My university garb was always a Canadian tuxedo, t-shirt and jeans, and hiking boots, except when I did my teaching practicum. During this four month internship, I sold my International half-ton truck, and bought some sports jackets and dress pants to teach alongside my mentors. (I’ll mention that immediately following this period, I was hired as a high school English teacher, then ditched the dress shirts and dress pants, and reverted back to t-shirts and jeans and hiking boots, but kept wrapped in the sports jackets.)
The notion of Enclothed Cognition demonstrates the importance of symbolic association of garments as being the mechanism for altered cognitions. Clothes change the way we think and feel. I feel much different when dressed up for teaching at the university than when dressed down for busking.
Whilst standing in front of a university class, my attire cap-a-pie, is hatless, with either a black or white dress shirt, a sports jacket overtop, jeans for pants and brown-polished dress shoes for wheels.
Whilst guitar busking, I often wear a Brixton hat, a tight white t-shirt, worn-out faded blue jeans, and polished-black work boots.
My new gig, sketching pencil portraits, I cover my noggin with a black and white checked bowler, my shirt is always white, long-sleeved, and with a collar. And I wear grey cargo short pants and brown leather sandals.
Enclothed Cognition works for me. If I want to feel happier and more confident --- I wear the right clothes. The garb I choose does make a difference. My raiment doth have that ability to advert my attention to the things I am doing. My attire is akin to an Aesopian fable, conveying innocence to an outsider, but a hidden meaning to me. As a busker, I never want to present my image as being a clochard or cadger. With my guitar I like to present windswept and breezy; while with pencil I like to present a bit more polish.
My CHAUCERIAN PARADE this week has got to begin with the voluptuous cowgirl who pulled up alongside me in her black Dodge Ram as I was guitar busking at VALUE VILLAGE.
“Do you know any Janis Joplin?” she asked.
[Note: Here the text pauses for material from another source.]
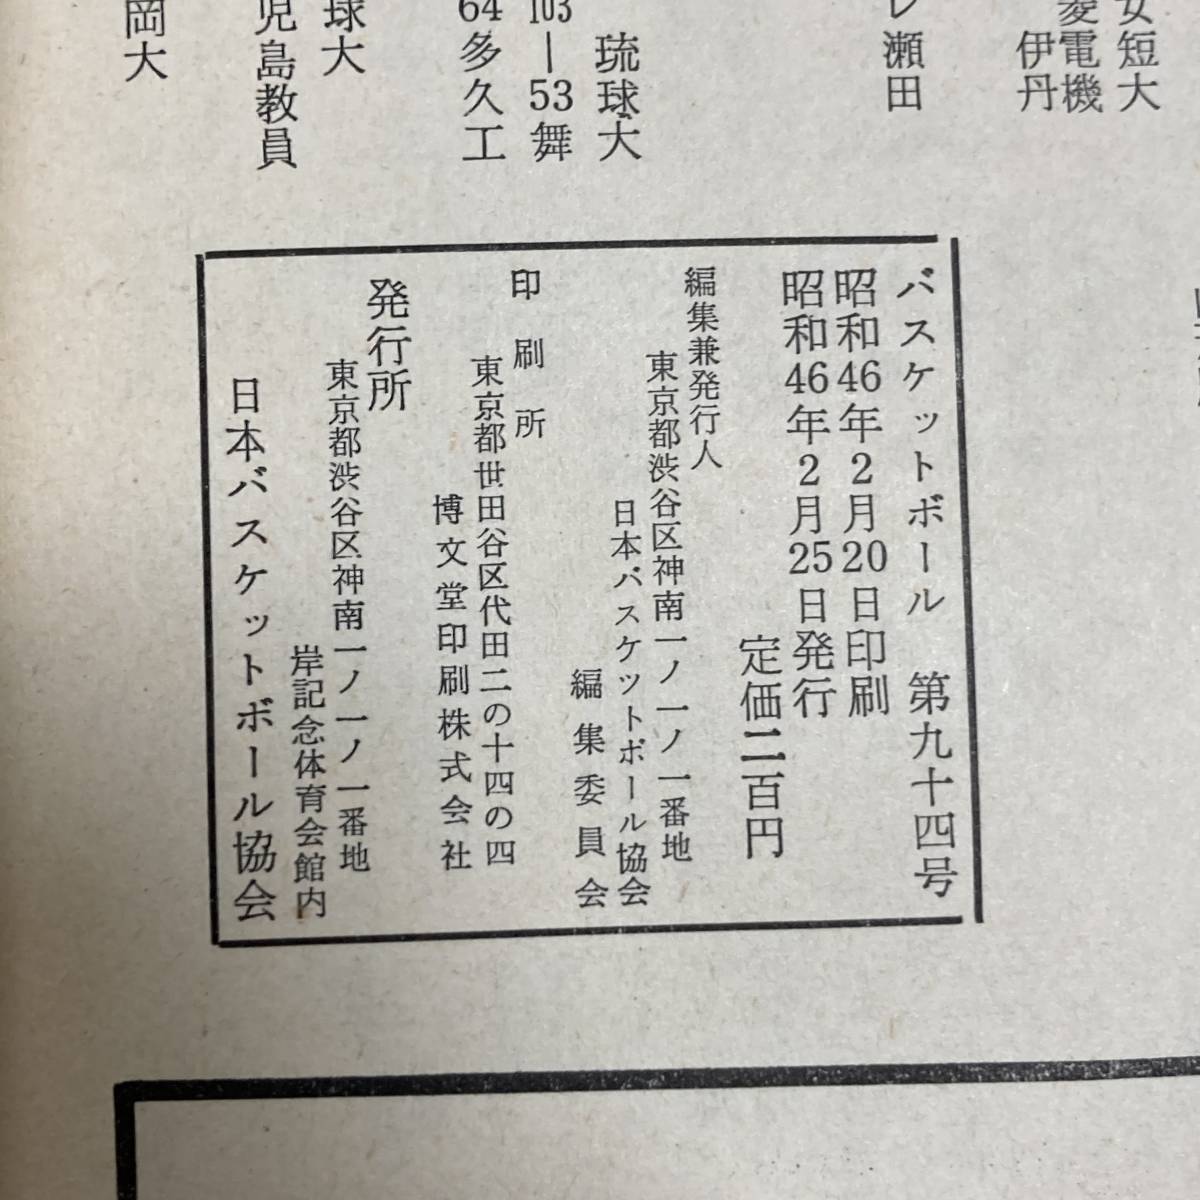 S-3014# баскетбол No.94 Showa 46 год 2 месяц 25 день выпуск (1971 год )# соревнование результат оценка # Япония баскетбол ассоциация

As I thrummed one out, twisting in her knee-high cowboy boots, she gyrated and grinded against me in her tight satin blouse and skin-tight jeans, while singing her unique version of Me and Bobby McGee. I must confess I was mildly aroused … I mean amused (Freudian slip)!
And I must include some pictures of some of my consumers and their portraitures at the FARMERS’ MARKET:
From birthday suit to swaddling clothes to work-a-day duds ...
Last Saturday at the MARKET was just another day in my costume party life! In fact, by midnight, with my brand new leather barbeque gloves, I had transmogrified from busker to boxer!